虽然COVID-19大流行似乎正在消退,但长期COVID-19病例的不明确影响、免疫功能低下个体的突破性感染、疫苗犹豫以及不均匀的卫生保健可及性构成了不可低估的威胁。这些病例,连同大流行的准备工作,要求警惕地识别新药,并优化现有药物,作为治疗这种疾病和未来潜在疾病的治疗选择。Mpro抑制剂很早就被确定为抗冠状病毒的有效候选药物,因为它们靶向病毒内可行的加工机制,即将病毒RNA编码的多蛋白切割成功能蛋白的主要蛋白酶。在设计有效的SARS-CoV-2 Mpro抗病毒药物时,已经探索了不同的策略,包括可逆性和不可逆性抑制以及变抗性抑制剂,这些策略主要来自药物再利用。雄心勃勃的筛选工作显示出了突出的化学和结构多样性,这导致六种先导化合物目前正在进行临床试验,美国食品和药物管理局紧急批准利托那韦(ritonvir)增强的nirmatrelvir作为COVID-19治疗药物。本文对已获得的抑制剂多样性进行了全面分析,将其分为不可逆、可逆和变抗性Mpro结合物,并讨论了新出现的耐药报告和可能的规避策略,旨在刺激持续的Mpro药物设计工作。
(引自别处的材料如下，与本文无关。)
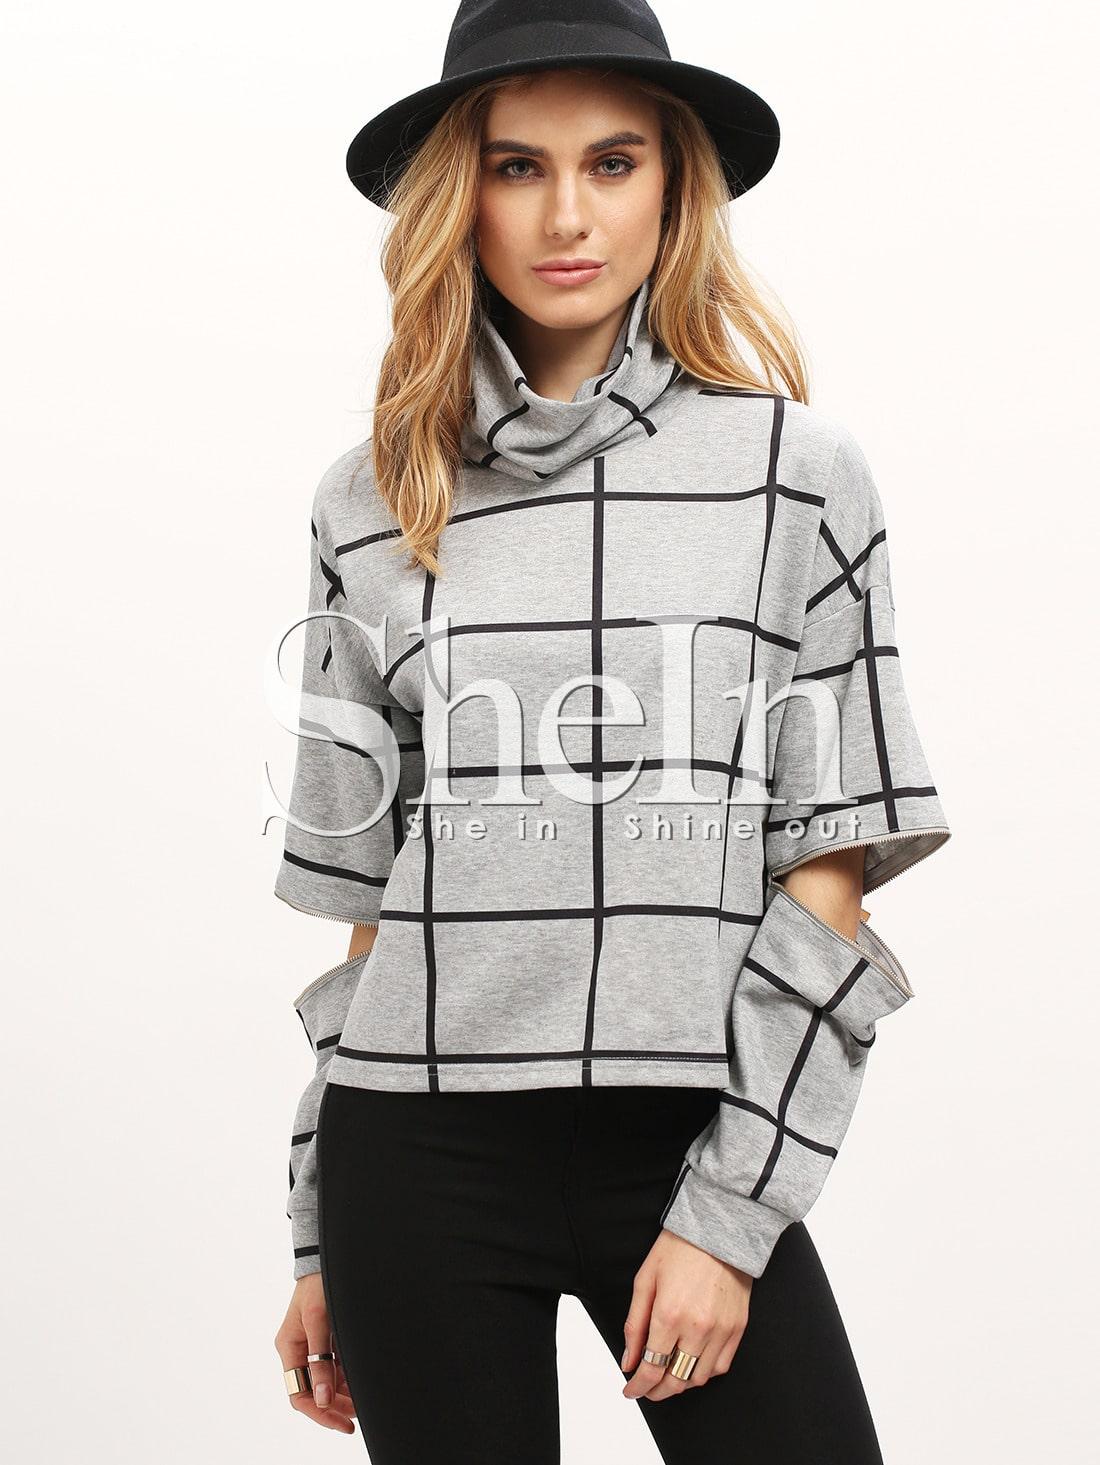 Grey Plaid High Neck Ripped SweatshirtGrey Plaid High Neck Ripped Sweatshirt<br><br>color: Grey<br>size: S

本文章由计算机程序翻译,如有差异,请以英文原文为准。
SARS-CoV-2 Mpro Inhibitors: Achieved Diversity, Developing Resistance and Future Strategies
While the COVID-19 pandemic seems to be on its decline, the unclear impacts of long-COVID cases, breakthrough infections in immunocompromised individuals, vaccine hesitancy, and inhomogeneous health-care accessibility constitute a not to be underestimated threat. These cases, along with pandemic preparedness, ask for an alert identification of new drugs and the optimization of existing drugs as therapeutic treatment options for this and potential future diseases. Mpro inhibitors were identified early on as potent drug candidates against coronaviruses, since they target viable processing machinery within the virus, i.e., the main protease that cleaves the polyproteins encoded by the viral RNA into functional proteins. Different strategies, including reversible and irreversible inhibition as well as allosteric inhibitors, mostly from drug repurposing endeavors, have been explored in the design of potent SARS-CoV-2 Mpro antivirals. Ambitious screening efforts have uttered an outstanding chemical and structural diversity, which has led to half a dozen lead compounds being currently in clinical trials and the emergency FDA approval of ritonavir-boosted nirmatrelvir as a COVID-19 therapeutic. This comprehensive analysis of the achieved inhibitor diversity sorted into irreversible, reversible, and allosteric Mpro binders, along with a discussion of emerging resistance reports and possible evasion strategies, is aimed at stimulating continuing Mpro drug design efforts.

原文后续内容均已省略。